Most of us know by experience, or at least by anecdote, that cornering a frightened animal will end badly. It doesn’t matter that the dog is a cherished family pet whose picture is included on the family-portrait wall. The animal senses danger and all ability to perceive their reality with accuracy flies out the window – along with any training or control. Children under duress act much the same way as your cornered pet. They lash out with intensity lacking any capability to accurately assess the truth of a given situation. However, like the dog bite to the face, the resulting pain from these attacks is incredibly real even while the threat was wholly imagined.

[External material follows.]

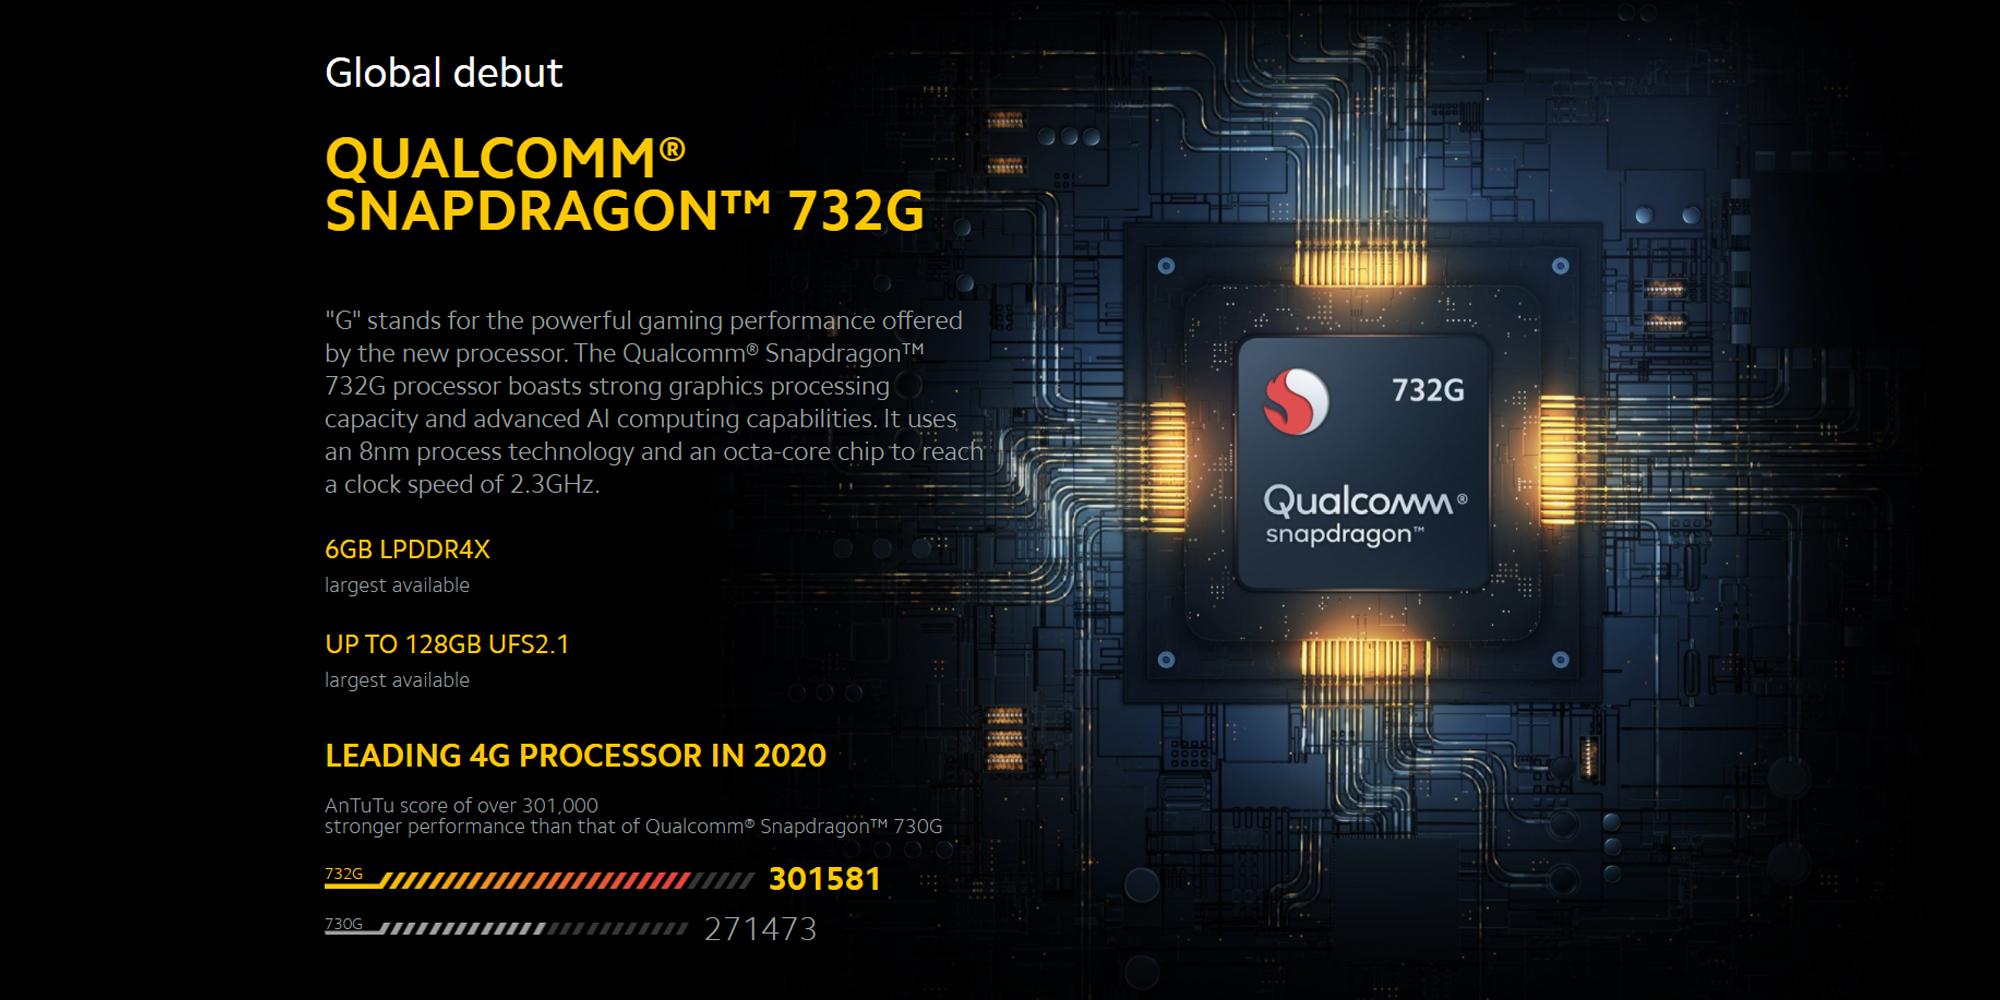 Xiaomi Poco X3 Dual SIM 6GB RAM 128GB 4G LTE Cobalt Blue-2
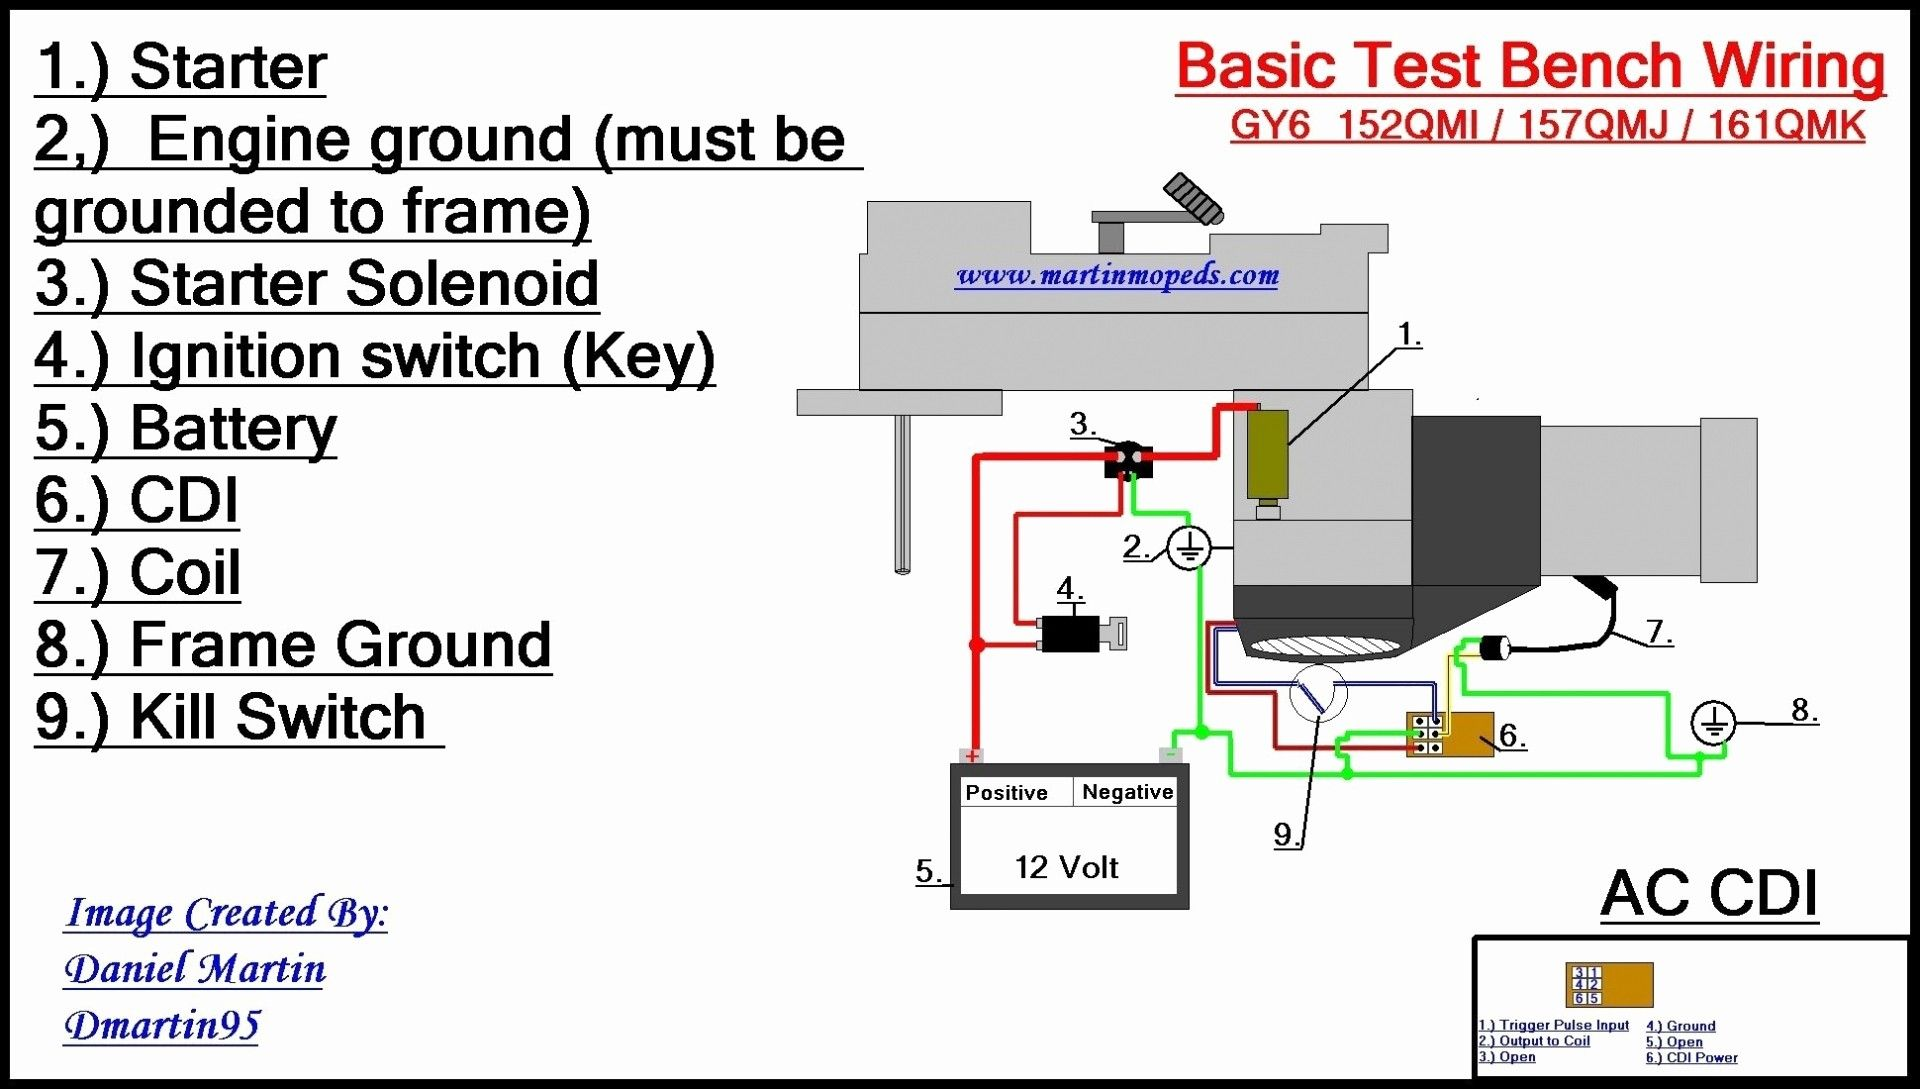 unique wiring diagram for emergency key switch #diagram #diagramsample  #diagramtemplate #wiringdiagram… | kill switch, electrical diagram,  electrical wiring diagram  pinterest

We learned of the lies Asher was spreading about us when he was going through the evaluation process for his disposition. I received the first call from his p.o. (probation officer). She apologized for the awkwardness of her question, but proceeded to say she needed some clarification on a few items our son was bringing to the attention of his evaluators. Then asked if I could, “provide an explanation or reason for why we would strip Asher naked and then lock him outside during the winter (by the way, it snows where we live) as a punishment.”
I was flabbergasted.
I barely remember the rest of the phone call. I spluttered through my incredulity and expressed shock that he would even insinuate something so horrific. During our intake interview with our assigned case manager/social worker, we were providing family background and again a question came up, because Asher purported that Joseph threw him down a flight of stairs. And even upon our first introduction to the group of boys Asher would live with at JCF (Juvenile Corrections Facility), we were confronted with one of Asher’s peers asking us if it was true that we forced Asher to leave our house at dawn and not return until sunset each day with only a bottle of water and his bike.
The idea that we would do any of these things to Asher is terrible, wholly fabricated, and deeply painful. And it isn’t fair to the untold numbers of boys in JCF who do come from abusive, dysfunctional homes where these are not just vicious lies spread to convey a message of rejection but a reality lived. However, these are the things Asher is using to communicate to us that he is angry. He is hurting inside and doesn’t know how to express himself. He doesn’t understand our ongoing pursuit of him and, quite honestly, it would be easier for him if we pushed him away and told him how unloved and unwanted he was. Then he could accept the “fact” that he is worthless and “prove” that he can’t be expected to act any better than his most base self.
But we do love him. And we do want him.